Artificial Intelligence AI

    Shadow AI: how unmanaged employee AI usage expands your attack surface

    Employees are adopting AI faster than security teams can govern it, and every unsanctioned tool is a new door into your sensitive data

    by Michael Rowinski

    Key Points

    • Generative AI tools are now embedded across nearly every department, but much of this usage is undocumented and unsanctioned.
    • When employees feed sensitive data into unapproved AI platforms, they risk data exposure and leakage, compliance violations, and loss of governance and accountability.
    • Organizations can manage the risk by creating an AI steering committee, running a baseline risk assessment, offering secure enterprise-grade alternatives paired with clear policies, vetting vendor security controls, educating employees, and deploying adaptive controls that give unified visibility across both human and agent activity.

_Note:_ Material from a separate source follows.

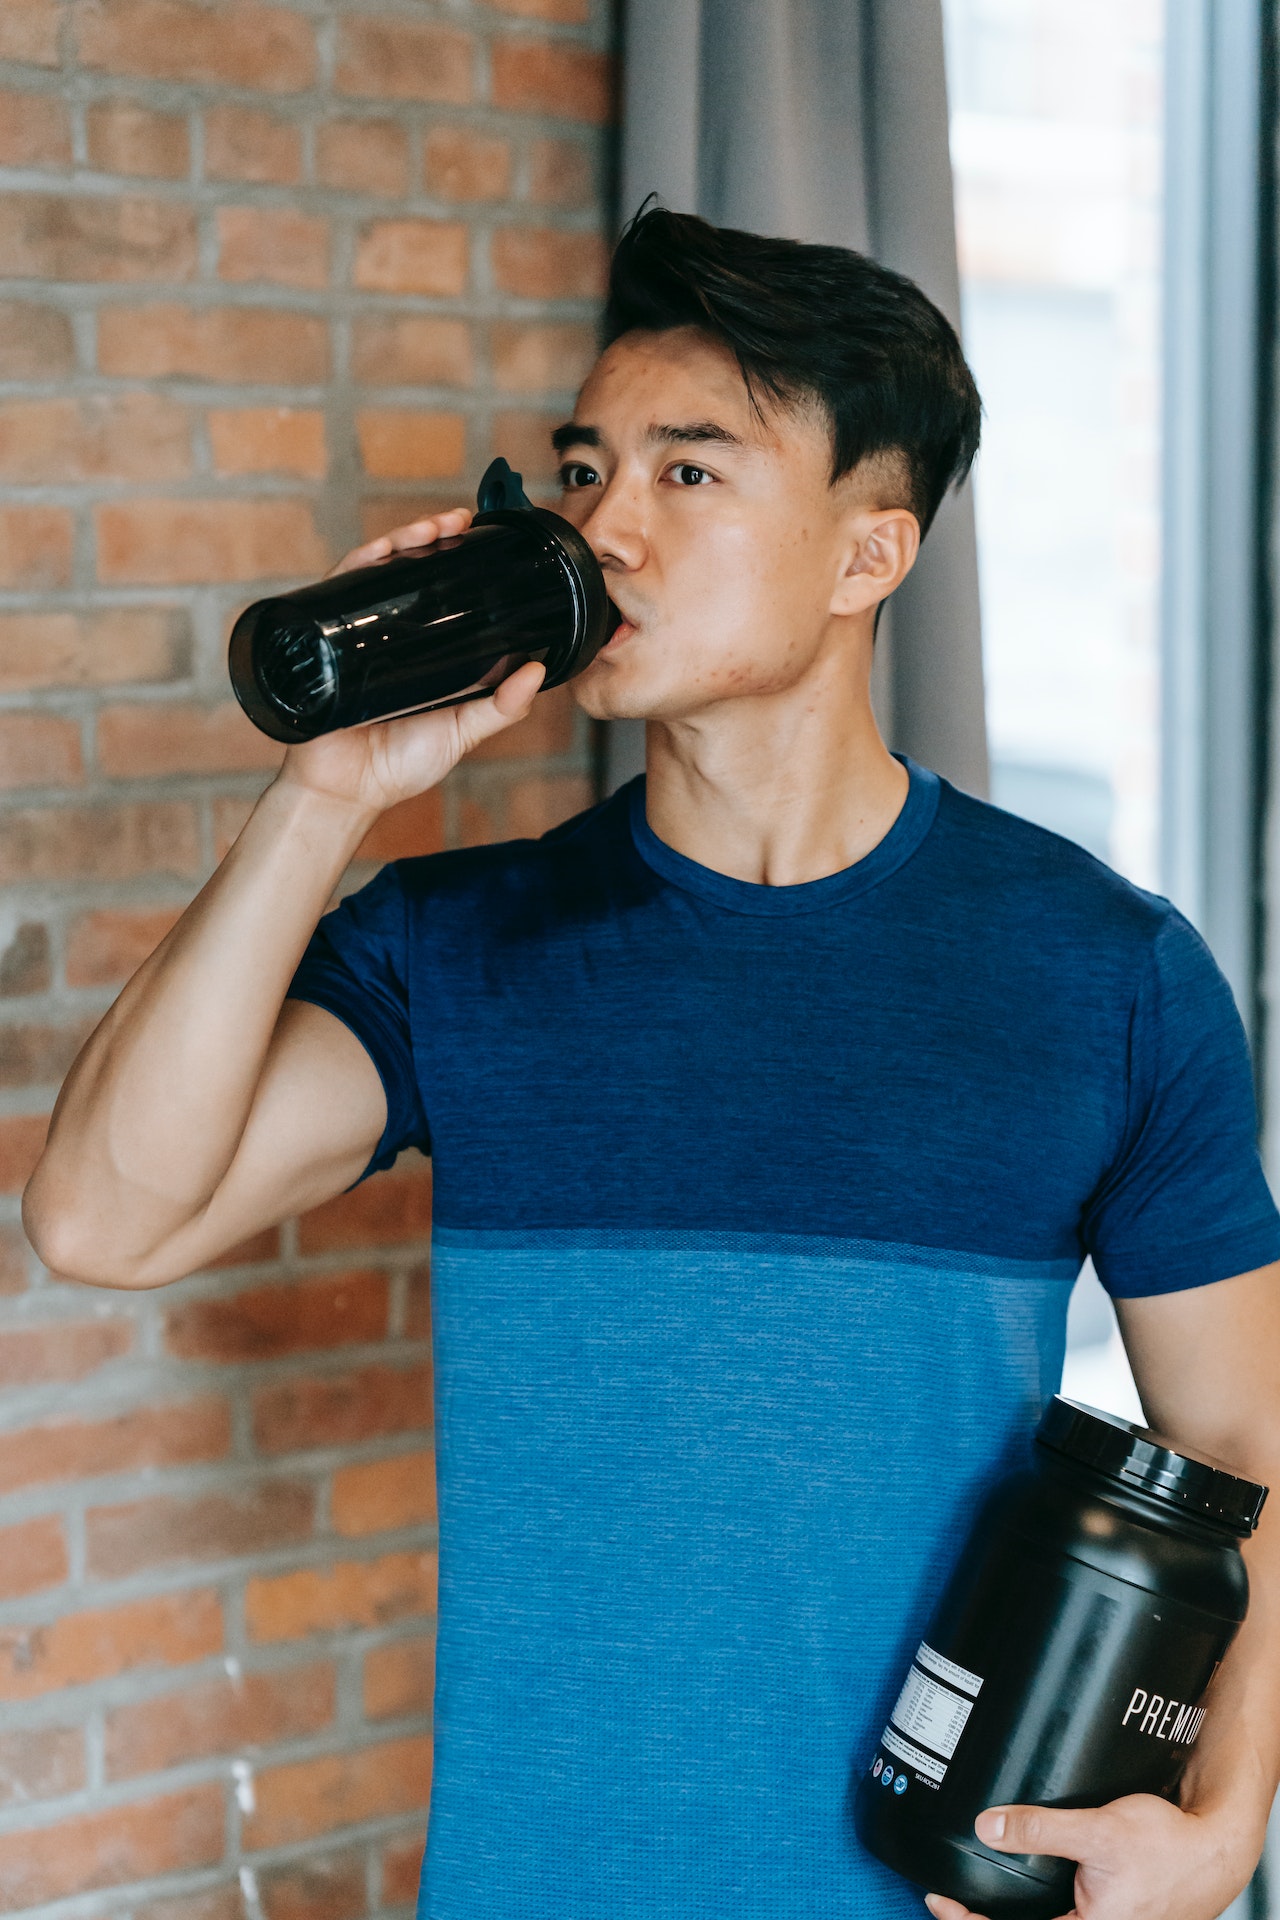 A man wearing a blue shirt is drinking from a black tumbler while holding a black container near a brick wall
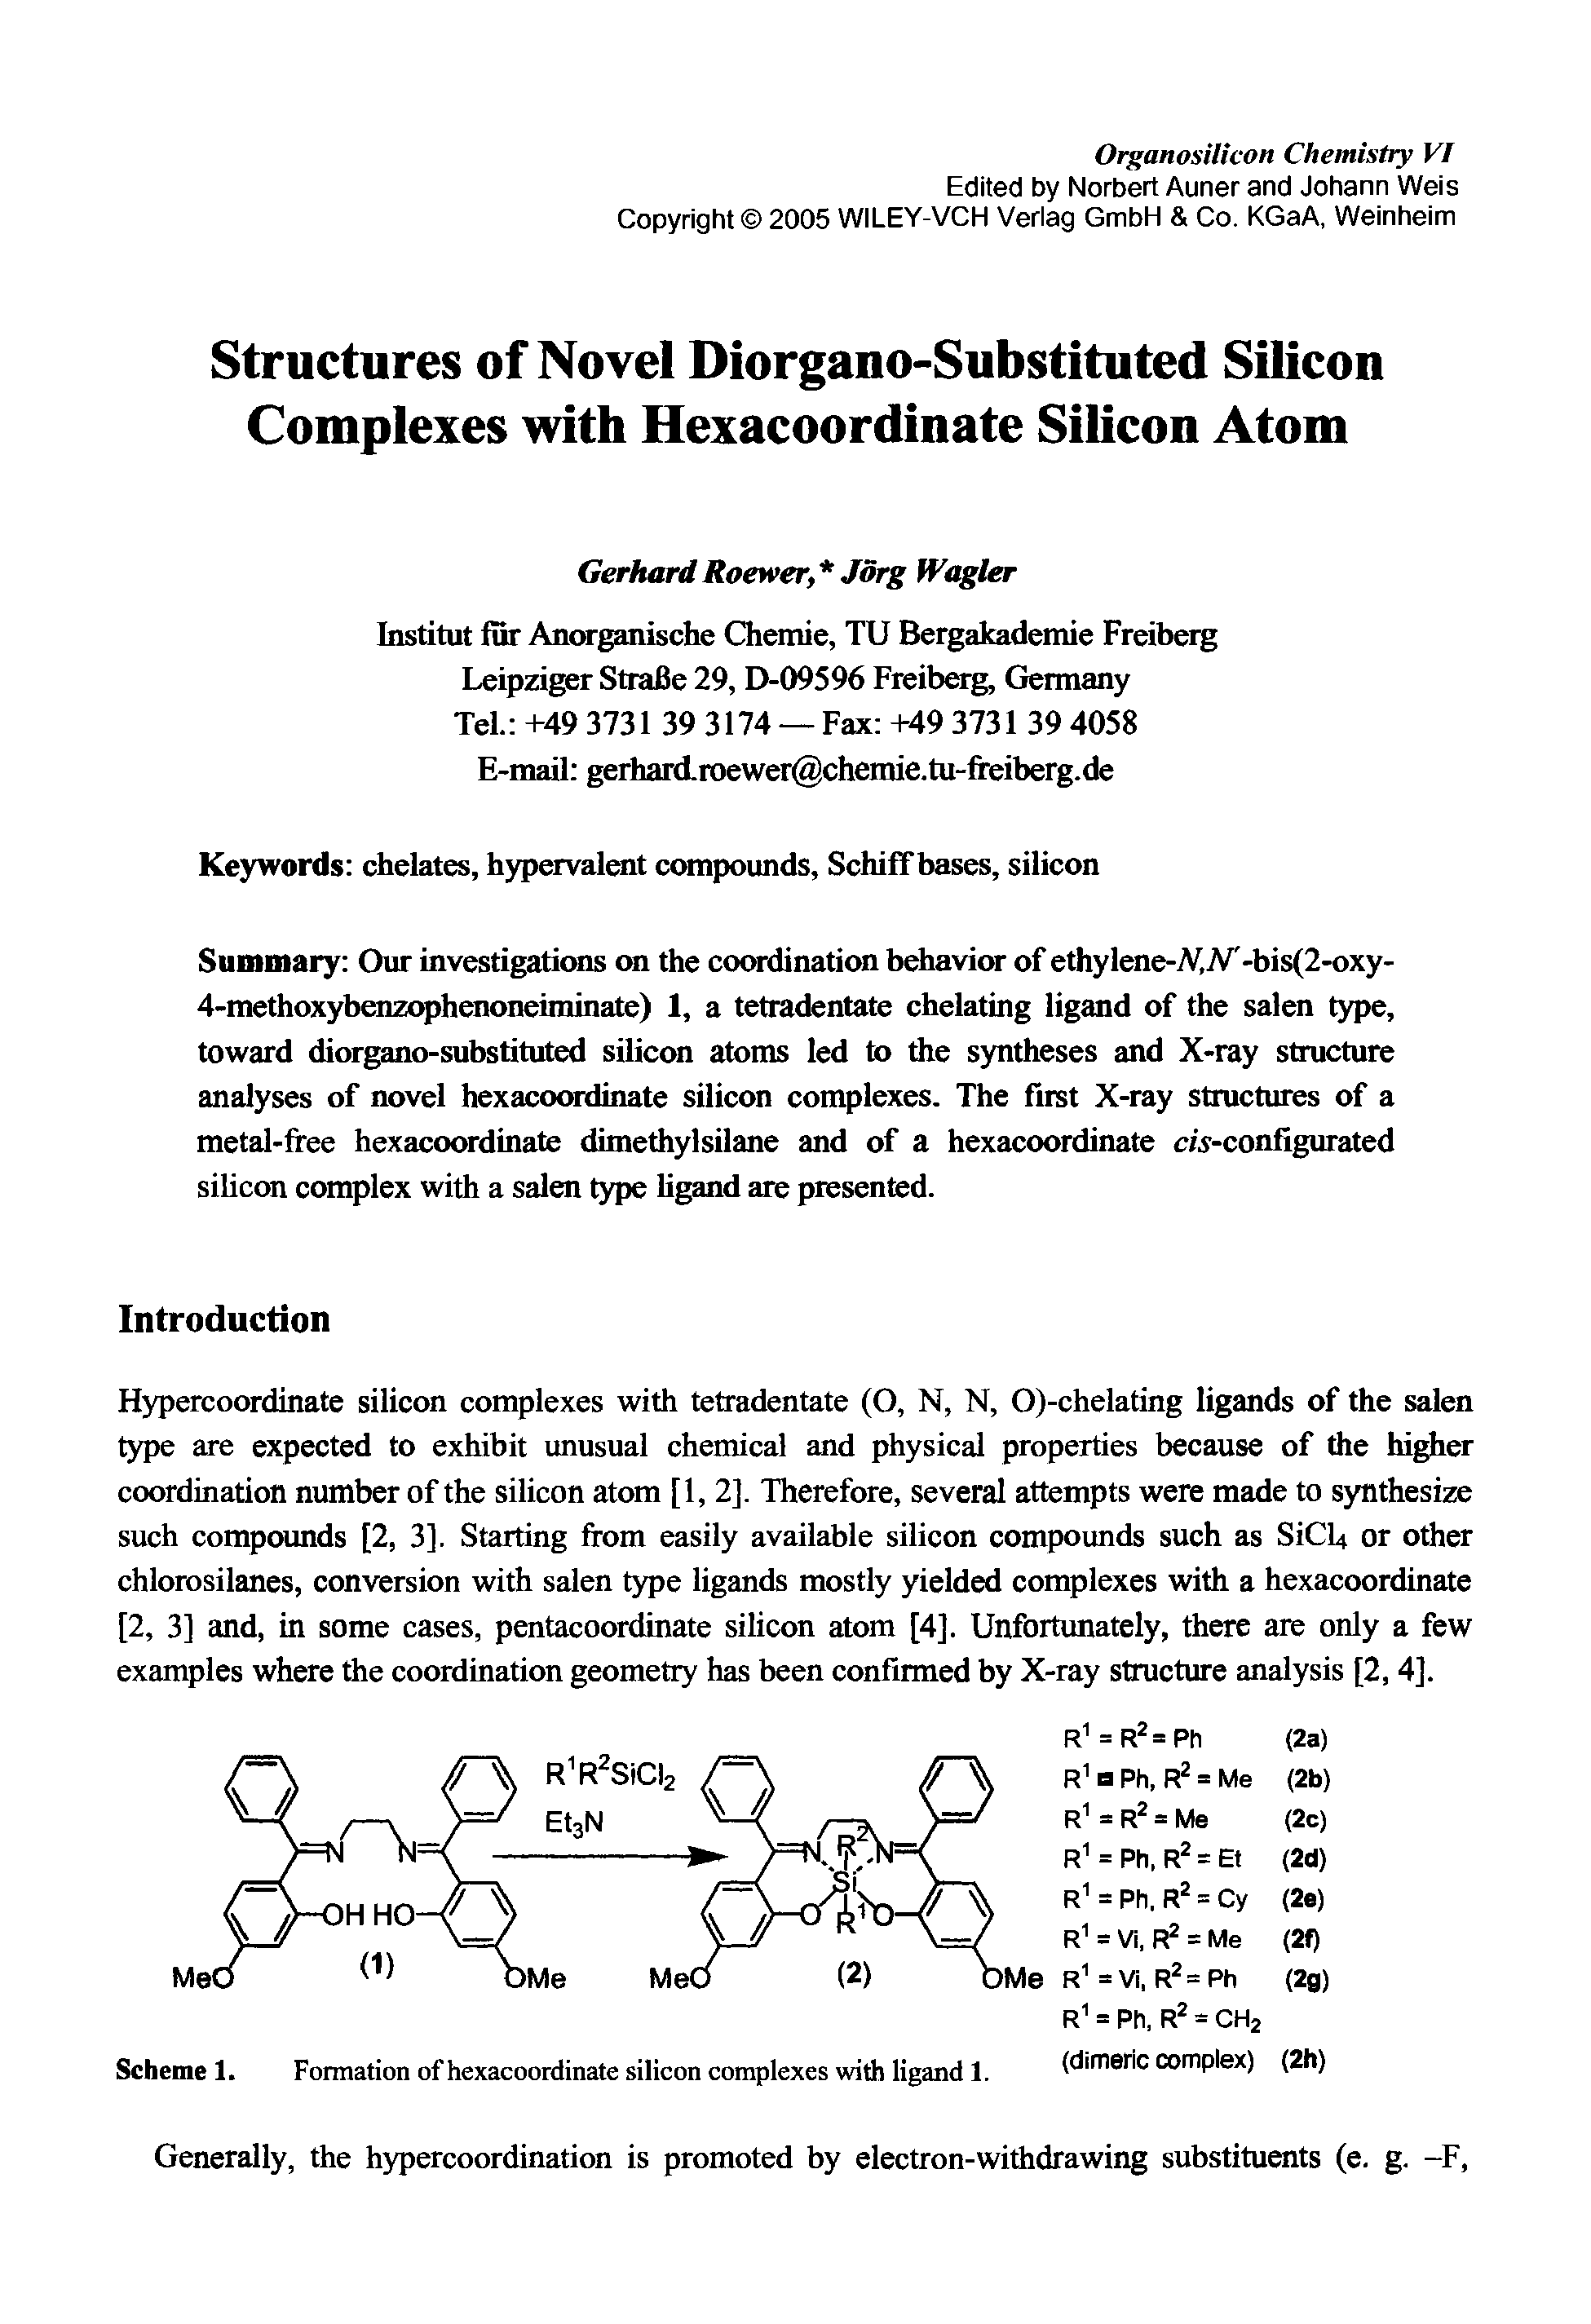 Scheme 1. Formation of hexacoordinate silicon complexes with ligand 1. (dimeric complex) (2h)...

    Interest in artificial intelligence has moved well past idle fascination. Generative AI tools are now embedded in everyday workflows across nearly every department, from engineering to marketing to finance, where workers use them to draft emails, analyze data, generate code, and automate routine tasks. The productivity gains are real, but so is the risk that comes with them.

    And much of that risk is invisible. A great deal of today's workplace AI adoption is undocumented, ungoverned, or entirely unknown to the people responsible for protecting the organization. This is the problem of shadow AI, which is the AI tools, platforms, and models used by employees without the knowledge, approval, or oversight of IT and security teams. Think of it as the AI-era evolution of shadow IT, the long-standing challenge of employees adopting unsanctioned software. But shadow AI carries far greater risk because of the nature of what these tools consume: data.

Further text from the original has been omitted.